III
But I fear we have a great deal more to empty out of this world of his.
To begin with, we must jettison religion; or at any rate all religion that gets near to definition by words in a Credo. Religious formulae I think we may say that he hated; and equally that he had little use for ministers of religion. I can recall but one sympathetic portrait of an Anglican parson—the Reverend Septimus Crisparkle, Minor Canon of Cloisterham—and that in his last book, and with scarcely a shadow of a quality impinged upon it by his vocation, by Holy Orders: Crisparkle, Minor Canon and muscular Christian, well visualised, is a good fellow just as Tartar in the same story is a good fellow: nothing more. George Eliot and Charlotte Brontë, who disliked ecclesiastics, have to give them understanding, even sympathy, in some degree. Dickens merely neglects them. Unaccredited missionaries of the Gospel are humbugs all, in Dickens; uneducated Pharisees, Stiggins’s, Chadbands; devourers of widows’ (and widowers’) houses; spongers on the kindness and credulity of poor folk just a little more ignorant than they, while far more innocent. As for sacred edifices—cathedrals, churches—Dickens uses them as picturesque, romantic, mouldy, just as suits his convenience—a last harbourage for Little Nell or an object with a steeple suggesting to Mr. Wemmick—“Hullo! here’s a church!... let’s get married!” If Dickens ever conceives of a church as a tabernacle of any faith, I have yet to find the passage.

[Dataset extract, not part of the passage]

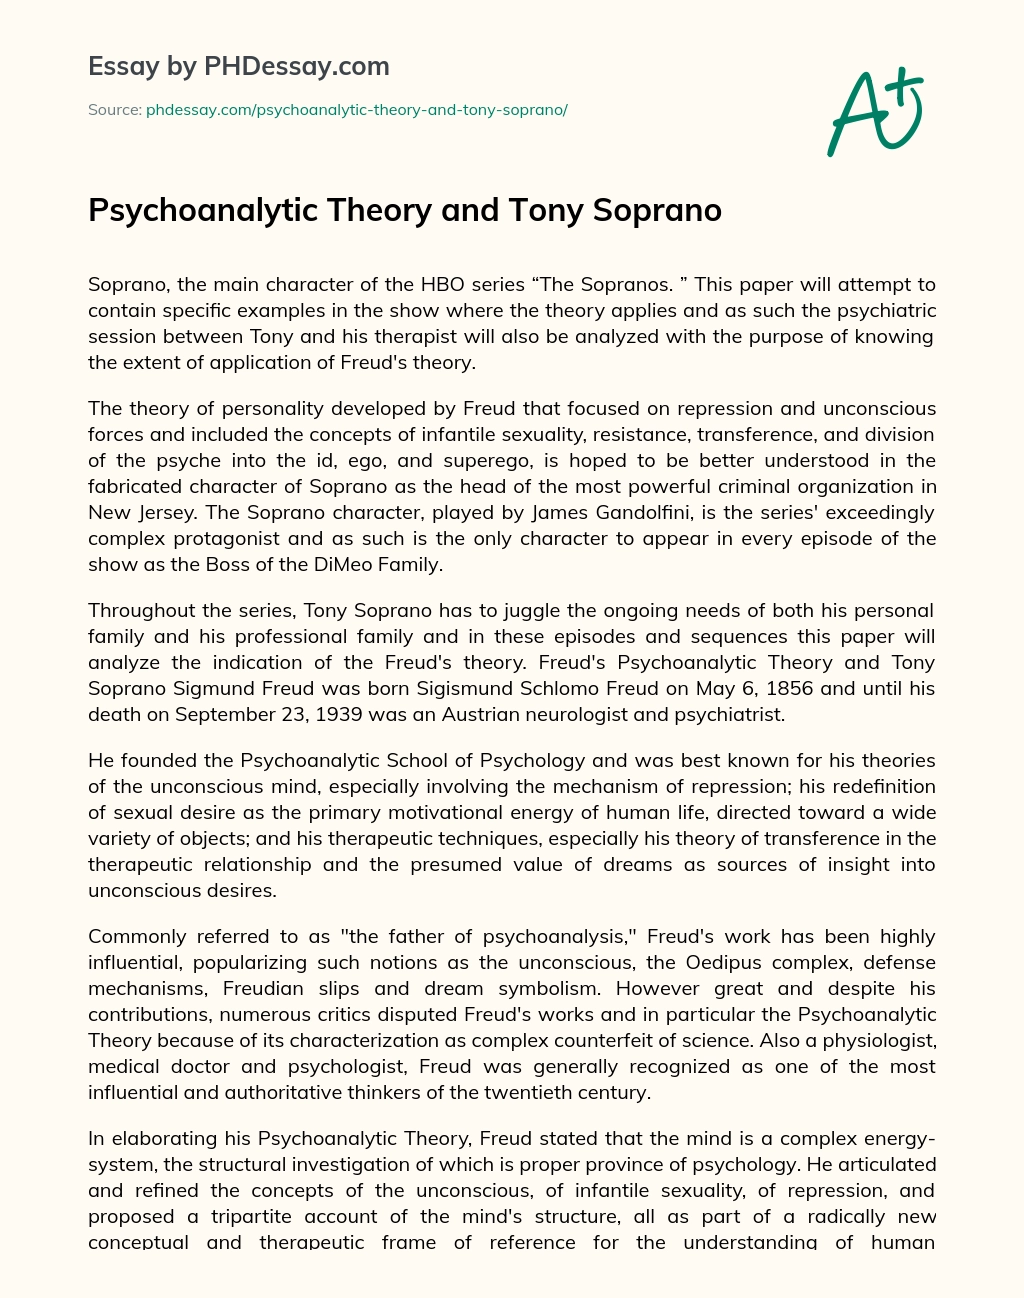 Psychoanalytic Theory and Tony Soprano essay

You must remember that, while Dickens wrote, Tractarian Movements, Unitarian Movements, Positivist Movements—Wiseman’s claim, Newman’s secession, the Gorham judgment, Bishop Colenso’s heresies—Darwin’s hypothesis, Huxley’s agnostic rejection of doctrine, and so on—that all these were agitating men’s thoughts as with a succession of shocks of earthquake. But all these passed Dickens by, as little observed as felt by him: simply disregarded.
IV
Of political thought, again, his world is almost as empty. He was, in his way, an early-Victorian Radical. When he saw a legal or political hardship which hurt or depressed the poor, conventions injurious to the Commonwealth—the Poor Laws, Debtors’ Prisons, the Court of Chancery, the Patent (or Circumlocution) Office and so forth, with the people who batten on such conventions, taking them for granted as immutable—Dickens struck hard and often effectively. But he struck at what he saw under his own eyes. Beyond this immediate indignation he had no reasoned principles of political or social reform. I have to hand, at this moment, no evidence to confirm a guess which I will nevertheless hazard, that he hated Jeremy Bentham and all his works. Certainly the professional, bullying, committee-working philanthropists—Mrs. Jellaby and Mr. Honeythunder, whose successors pullulate in this age—were the very devil to him. His simple formula ever was—in an age when Parliament carried a strong tradition of respect—“Yes, my Lords and Gentlemen, look on this waif, this corpse, this broken life. Lost, broken, dead, my Lords and Gentlemen, and all through your acquiescence, your misfeasance, your neglect!” To the immediate reader his message ran simply, “Take into your heart God’s most excellent gift of Charity: by which I mean let Charity begin at home, in that kingdom of God which is within you, let it operate in your own daily work; let it but extend to your own neighbours who need your help; and so—and only so—will the city of God be established on earth.”
V
I perceive, Gentlemen, that in my hurry I have let slip a great part of the secret, and so will add but this in hasty summary, catching up, before retreat, my cloak of advocatus diaboli:
(1) In the first place, Dickens’ world was not a world of ideas at all, but a city “full of folk.” Compared with the world as Carlyle saw it, or Clough, or Martineau, or Newman, or Arnold, it is void of ideas, if not entirely unintellectual.
(2) Moreover, and secondly, it is a vivid hurrying world; but the characters in it—until you come to Pip, say, in Great Expectations—are all quite curiously static; and, as the exception proves the rule, I am not afraid to back this assertion against Martin Chuzzlewit, for example, in which young Martin is, of set purpose, to be converted out of the family selfishness. Things happen to Mr. Pecksniff, to Little Nell, to Mr. Micawber, to Mr. Dombey, to Bradley Headstone and Eugene Wraybourne, to Sally Brass and her brother: but, as the rule, these things do not happen within them, as such things happen in the soul of any protagonist in a novel by Tolstoy or Dostoievsky, or as they are intended and traced as happening (say) in Romola. Dombey’s conversion is a mere stage-trick; and, for Micawber’s apotheosis as a prosperous colonist, let him believe it who will.